One of the difficulties in using two different and independent systems, as described above (e.g., one for hemodynamic assessment, and another for ultrasound and/or other imaging), however, is that both systems are often needed for a single patient. For example, one clinician may use a hemodynamic system to provide an initial diagnosis of PAD, while another may then use an ultrasound imaging system to further the analysis—such that the two systems are used independently and separately, and oftentimes by different caregivers. Moreover, the two different tests may require the patient to have two or more separate appointments, perhaps on different dates. The patient could also be required to move between healthcare rooms and/or facilities for the different tests. The equipment could also need to be moved from one patient's room to another patient's room, bringing in the hemodynamic system first, followed by the ultrasound (or other imaging system) next—or vice versa. This can lead to disadvantages of, among other things, wasting space, time, cost, capitol equipment allocations, as well as personnel and/or other inefficiencies. As a result, it is not uncommon for caregivers to chose only one of direct assessment or indirect assessment as a matter of convenience and/or logistics, leading to compromised patient exam quality. Accordingly, at least one or more of patients, healthcare providers, and/or healthcare facilities are thereby inconvenienced.
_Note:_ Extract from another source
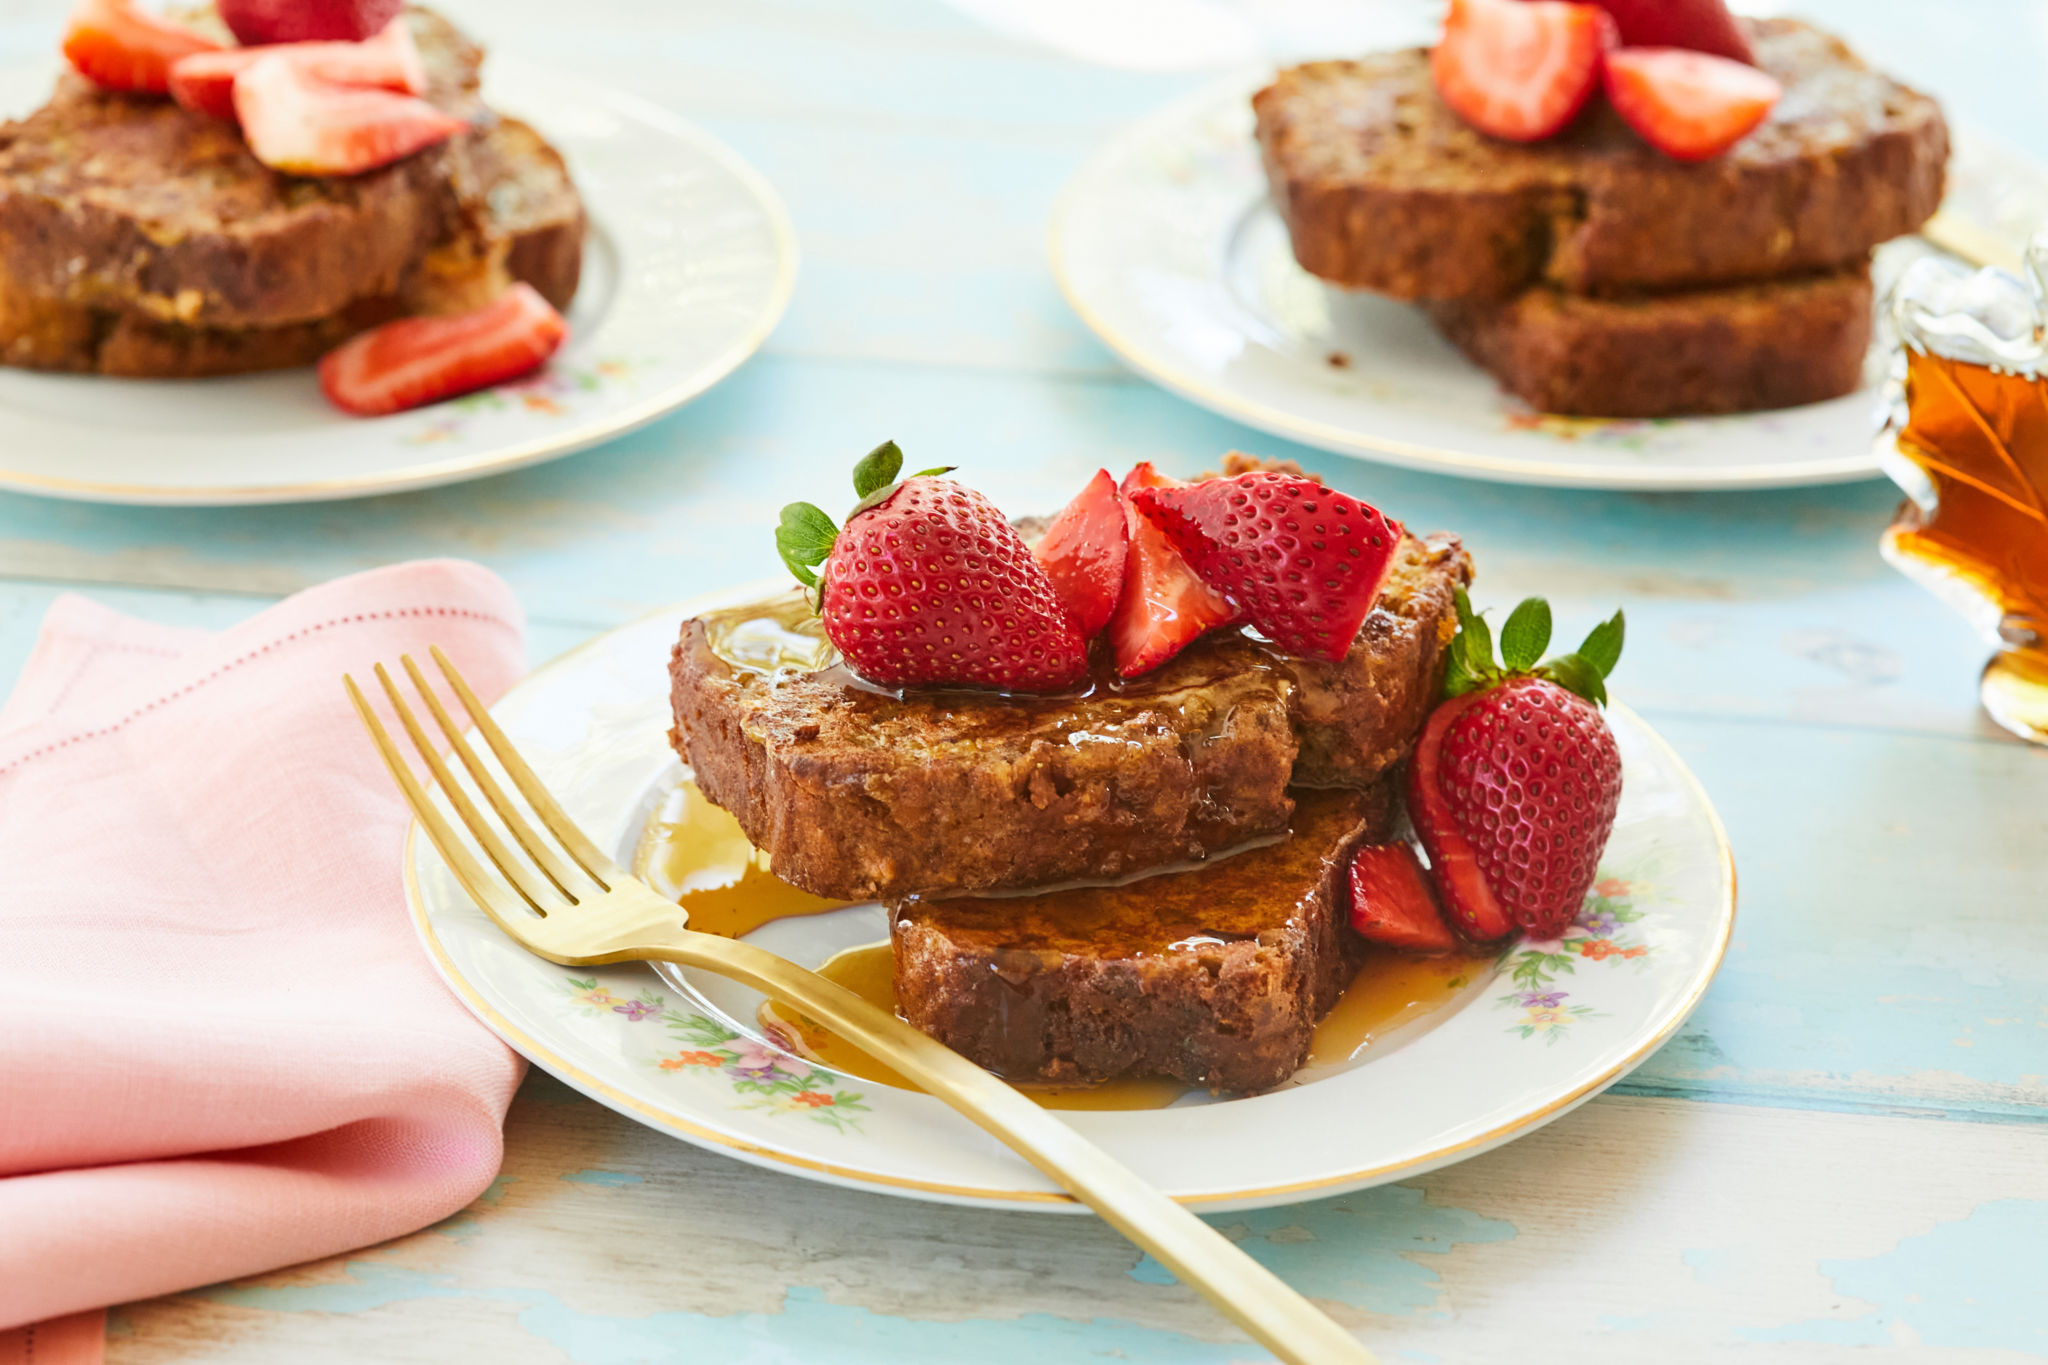 Plates of Banana Bread French Toast topped with syrup and strawberries.

Moreover, when both systems are utilized on a single patient, the data generated from the separately utilized systems is received separately, evaluated separately, and provided in separate reports. Accordingly, a single, integrated report combining the findings of the hemodynamic system and the imaging system would be advantageous. Moreover, the amount of time required to carry out and process separate testing systems is considerable.
As a result of at least the foregoing, it would be advantageous to have an overall integrated system that combines patient workflows and medical evaluations from hemodynamic and imaging systems, such as ultrasound imaging systems, particularly for monitoring PAD. And a single, comprehensive report that combines data from both systems would also be advantageous for patients, healthcare providers, and/or healthcare facilities.